Skatole concentrations in backfat, and in digesta in different sections of the gastro-intestinal tract were measured at slaughter (mean weight 112 kg). There were large variations in skatole concentrations in the hind gut of different animals given the same diet. Although there was some correlation between skatole in intestinal contents and deposition in adipose tissue, there were also large variations between individual animals in their response to intestinal skatole. Nevertheless, there was a clear effect of diet on both intestinal skatole production and skatole deposition in backfat. The use of casein as a protein source decreased microbial skatole production, the total amount in the gut, and the concentration in the backfat. Addition of sugar-beet pulp to the yeast slurry diet increased microbial activity in the intestine (measured as ATP content, concentration of short-chain fatty acids, and lowering of digesta pH).

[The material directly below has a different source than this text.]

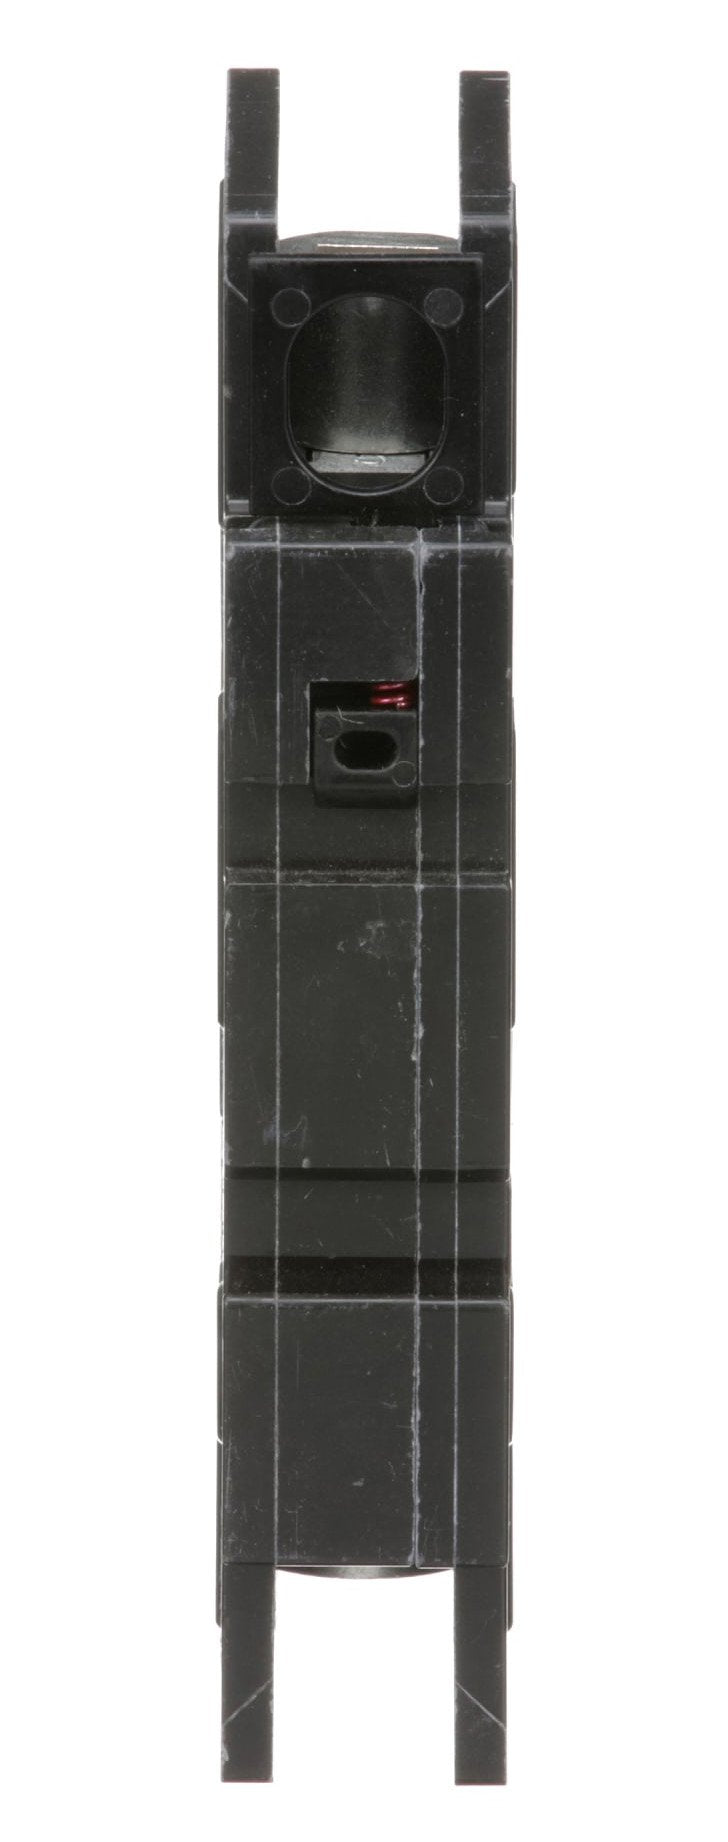 QOU115 - Square D - 15 Amp Circuit Breaker

There was a decreased rate of skatole production during in vitro incubations of intestinal content, and less skatole in the hind gut and backfat.

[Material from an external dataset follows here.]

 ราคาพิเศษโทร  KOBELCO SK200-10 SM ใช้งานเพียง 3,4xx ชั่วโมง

In vitro fermentations of freeze-dried Heal effluent inoculated with faecal bacteria, and addition of substrates to in vitro incubations of intestinal contents, demonstrated that tryptophan availability rather than microbial activity was the limiting factor for skatole production.
The results show that skatole production depends on the amount of protein entering the hind gut and the proteolytic activity of the intestinal microbiota. Protein fermentation in the hind gut can be decreased either by using more readily digestible protein sources (for example casein rather than yeast slurry) which reduce the amount of protein passing through to the hind gut, or by adding an alternative energy source which is more readily metabolized by the hind gut microbiota (for example supplementation of the yeast slurry diet with sugar-beet pulp). This provides a basis for the rational design of diets which will decrease skatole concentrations in the carcass.